Pour son premier film, Terrence Malick ne s’était pas rendu la tâche facile. S’attaquer au road-movie pour débuter sa carrière cinématographique tient du suicide artistique quand on passe après Jean-Luc Godard, Arthur Penn ou encore Dennis Hopper qui furent les artisans de l’âge d’or du genre dans les années 1970.
Pourtant, au contraire de la plupart de ces illustres prédécesseurs, le réalisateur américain s’affranchit de la violence sulfureuse et polémique qu’aurait pu engendrer un tel film sur la fuite désespérée de deux meurtriers pour livrer un hymne à l’innocence. Cette approche du film toute métaphysique, religieuse, mystique se retrouve dans la traduction française du titre « Badlands » où la sanglante fuite du couple vers un hypothétique paradis se résume à une « balade » certes « sauvage » mais qui se déroule en toute quiétude.
Ce paradoxe se retrouve avec les deux personnages principaux campés avec perfection par Martin Sheen et Sissy Spacek. Kit incarne l’agitation, l’excitation, le meurtre, la folie tandis que Holly symbolise une jeunesse plus apaisée, en quête de liberté, innocente comme cette discussion surréaliste qu’elle a avec le propriétaire de la maison qu’ils viennent de prendre d’assaut pour réquisitionner des vivres et un véhicule en affirmant que son petit-ami est, si ce n’est fou, tout du moins bizarre.
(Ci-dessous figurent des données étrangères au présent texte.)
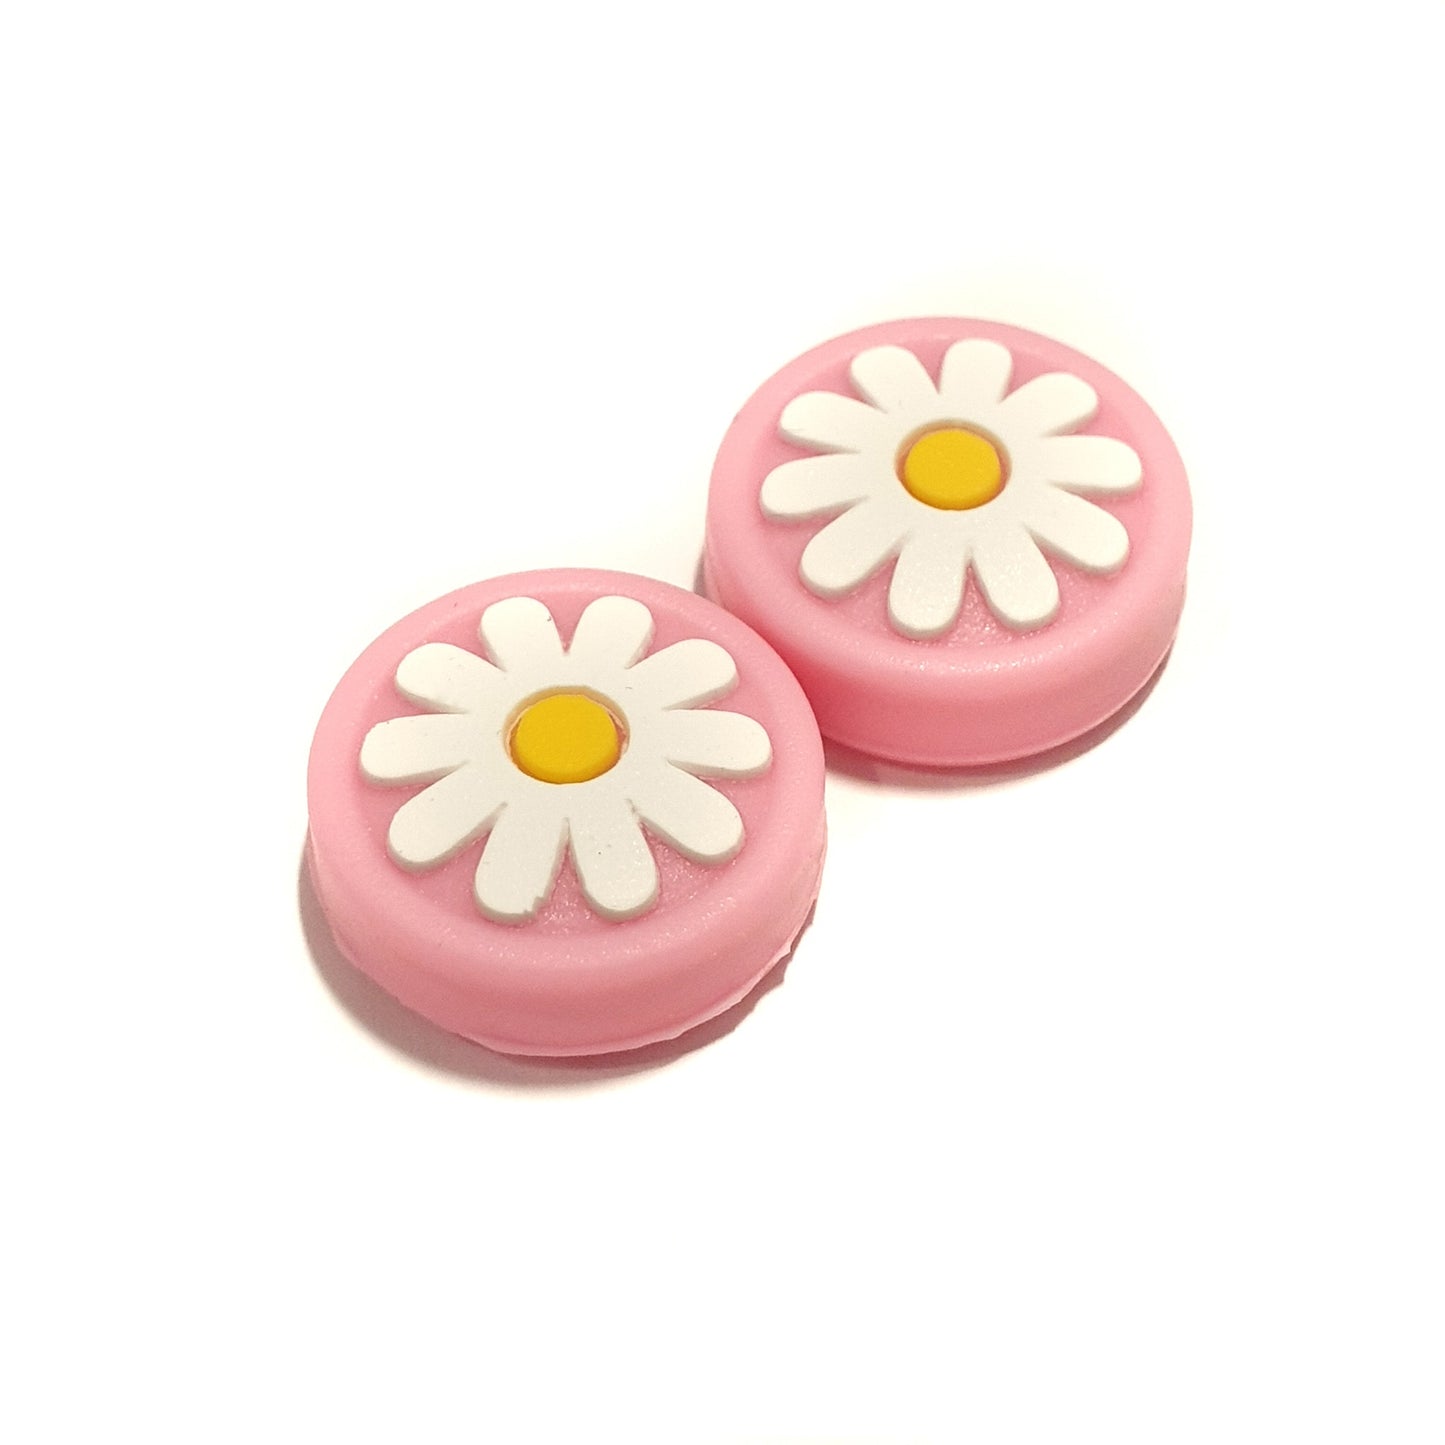 Gaming Thumb Grips | Performance Anti-slip Thumbsticks | Joystick Cap Thumb Grips | Flowers - Pink | Accessories suitable for Nintendo Switch Joy-Con Controllers

Cette violence niée atteint son paroxysme à la fin du film quand Kit, finalement arrêté par les forces de l’ordre, sympathise avec celles-ci avant son arrêt de mort inévitable. On pourra ne pas être d’accord mais il me semble que cette violence qui ne dit pas son nom (Kit assassine tout de même plusieurs personnes) représente déjà l’un des thèmes forts du cinéma de Terrence Malick : ses personnages traitent toujours avec le diable avant de pouvoir approcher Dieu. Dans son cinéma, il y a toujours un obstacle plus ou moins difficile à franchir avant d’atteindre une certaine forme de paradis (la mort du fils dans « The Tree of Life » ; la guerre du Pacifique dans « La Ligne Rouge »…).
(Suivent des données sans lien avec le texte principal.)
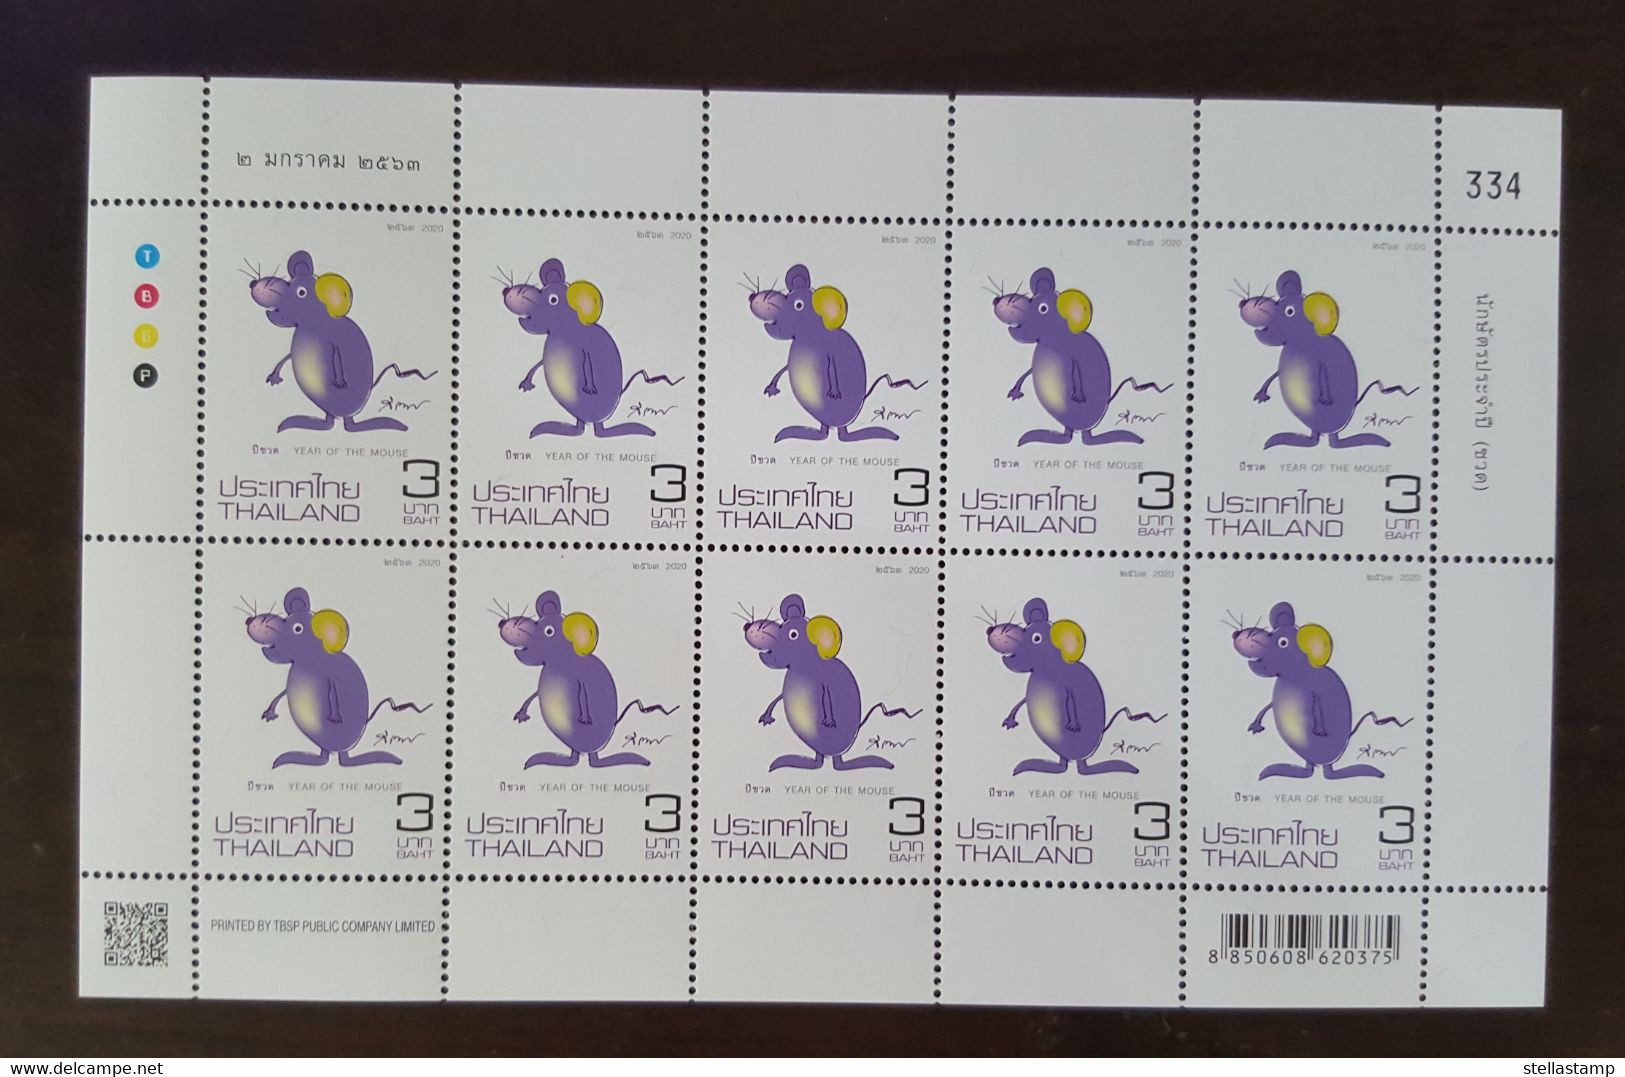 Thailand Stamp FS 2020 Zodiac Year Of The Mouse - Thailand

Pour autant, si on retrouve déjà ces thématiques, le coup d’œil malickien dans la mise en scène et la photographie splendide, la simplicité du film banalise quelque peu le propos. On est après tout très loin de la grandiloquence métaphysique (que j’encense personnellement) de ses derniers films (« Le Nouveau Monde », « La Ligne Rouge », « The Tree of Life »). La mise à distance des évènements qu’il instaure par sa réalisation tient finalement éloigné le spectateur qui se dit finalement, quand la poésie malickienne s’exprime le moins, qu’il regarde un road-movie ordinaire et facile.